The Hel peninsula is a 35 kilometre long sand bar separating the Bay of Puck from the Baltic Sea. It was once a chain of islands that formed a strip of land only during summer months, busy for countless generations with only the herring trade. A road and a railroad run along the peninsula from the mainland to the town located at the furthest easterly point, Hel, where ferries arrive from the Tri-cities. In the period between the two world wars, after Hel became part of Poland, it became a popular spot for artists, writers, politicians and the nouveau riche. During World War II, the Kreigsmarine used it as a training ground for their U-Boats crews, then the Polish Navy up until the mid-1990’s.
Posters around the town advertise a forthcoming tourist attraction – a re-enactment of the Normandy D-Day landings later in the month. It seems to be an annual event. The harbour is lined with bars and stalls with tourist bric-a-brac, seashells galore, coloured sand in jars, fluffy seal soft toys. Fake miniature pirate ships offer short trips around the peninsula. One of them has a very convincing one-armed pirate, who is successful in good humouredly press-ganging people on board his particular vessel. The sun is shining, but storm clouds quickly bring a heavy downpour, and we rush for cover into a small café for a bowl of soup. The rain drenches the t-shirt vendors.
The main street runs parallel to the shore, with all manner of street traders, restuarants, arcades full of sea-themed trinkets, some restored fisherman’s cottages, some bed and breakfast accommodation that looks more like a prison or reformatory. There’s a summer season of theatre in the fire station – Teatr w Remizie. Photographs from a performance by actor Marcin Kwaśny hang on a line outside a 15th century church which functions as a local museum and has boats in the churchyard. There is also the Fokarium, an aquarium with only seals, run by the Institute of Oceanography at Gdańsk University, with the aim of restoration and protection of the colony of gray seals in the Southern Baltic. At one end of the main street is the railway station, crowded with tourists at the end of their vacation, bags piled high. At the other end, the road simply peters out into a forest trail, which soon leads to the sand dunes.
The last thing we expected to see here is a friend organising a promotional tour for a boutique whose prime target audience is 15 year old girls. There’s a big tent on the pavement, selling clothes at special discount, and a DJ and a group of dancers out front demonstrating salsa and reggaeton. The dancers have been recruited from Warsaw dance schools. A boy in a Newcastle United football shirt squats at the front and studiously watches every move. (There are a lot of Poles here wearing English football team shirts.) Later, after some dance competitions with the growing audience, they will take a bus down to the other end of the street, throwing out footballs and prancing cheerleaders to promote the boutique. Why they want to throw footballs is not clear to me, except for the obvious fact that Hel is populated by visiting fans of the beautiful game.

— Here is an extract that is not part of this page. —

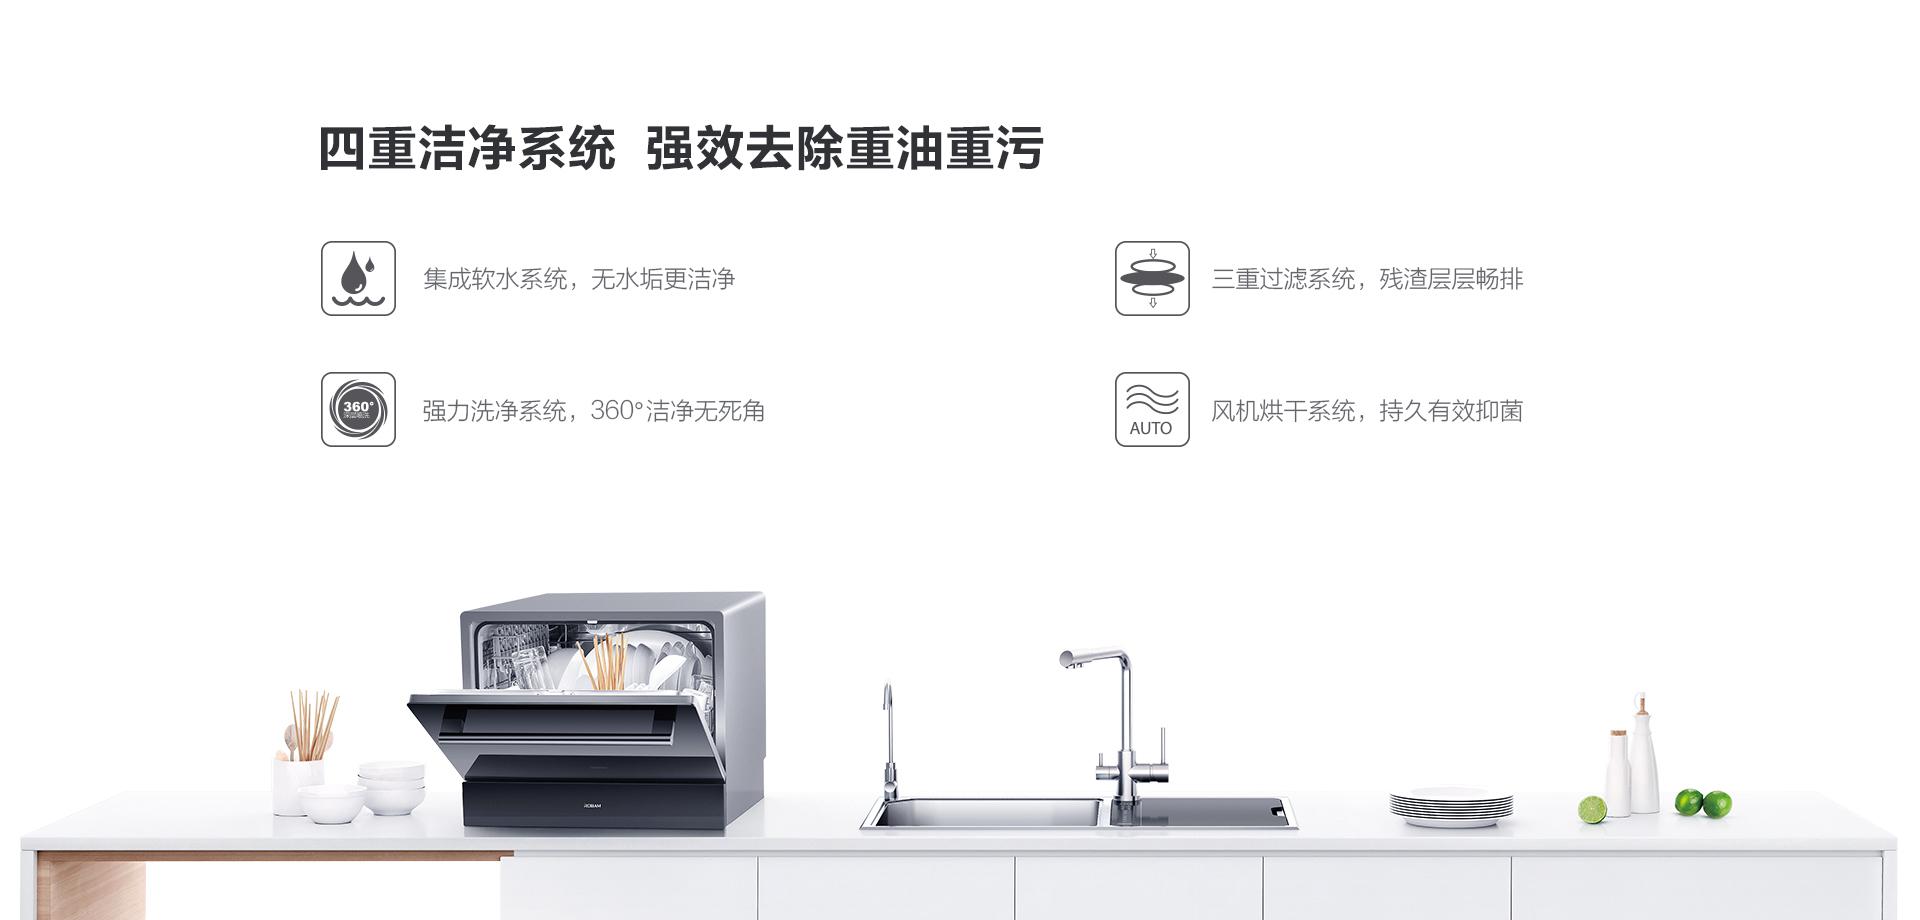 W703-洗碗机上新-190513-网页版_04.jpg

Inside the tent is one of the stars of a Polish primetime TV comedy series, Aleksandra (Ola) Szwed. She is signing autographs in the tent, while some dancers gyrate on tables above her, and people snap up fashion bargains. As a child actress, she starred in Foster Family/Rodzina Zastępcza, which ran for over 10 years. More recently she has starred in various TV talent shows of the singing and dancing on ice variety. She came runner up in the Polish competition to choose their last Eurovision entry and posed for the August issue of Playboy. Today, she’s an essential ingredient of this promotional tour.
Ah, here comes a classic batucada tune. Our friend keeps her large dark glasses on, as if she hopes not to be recognised. Today, Hel, tomorrow Władysławowo, she sighs.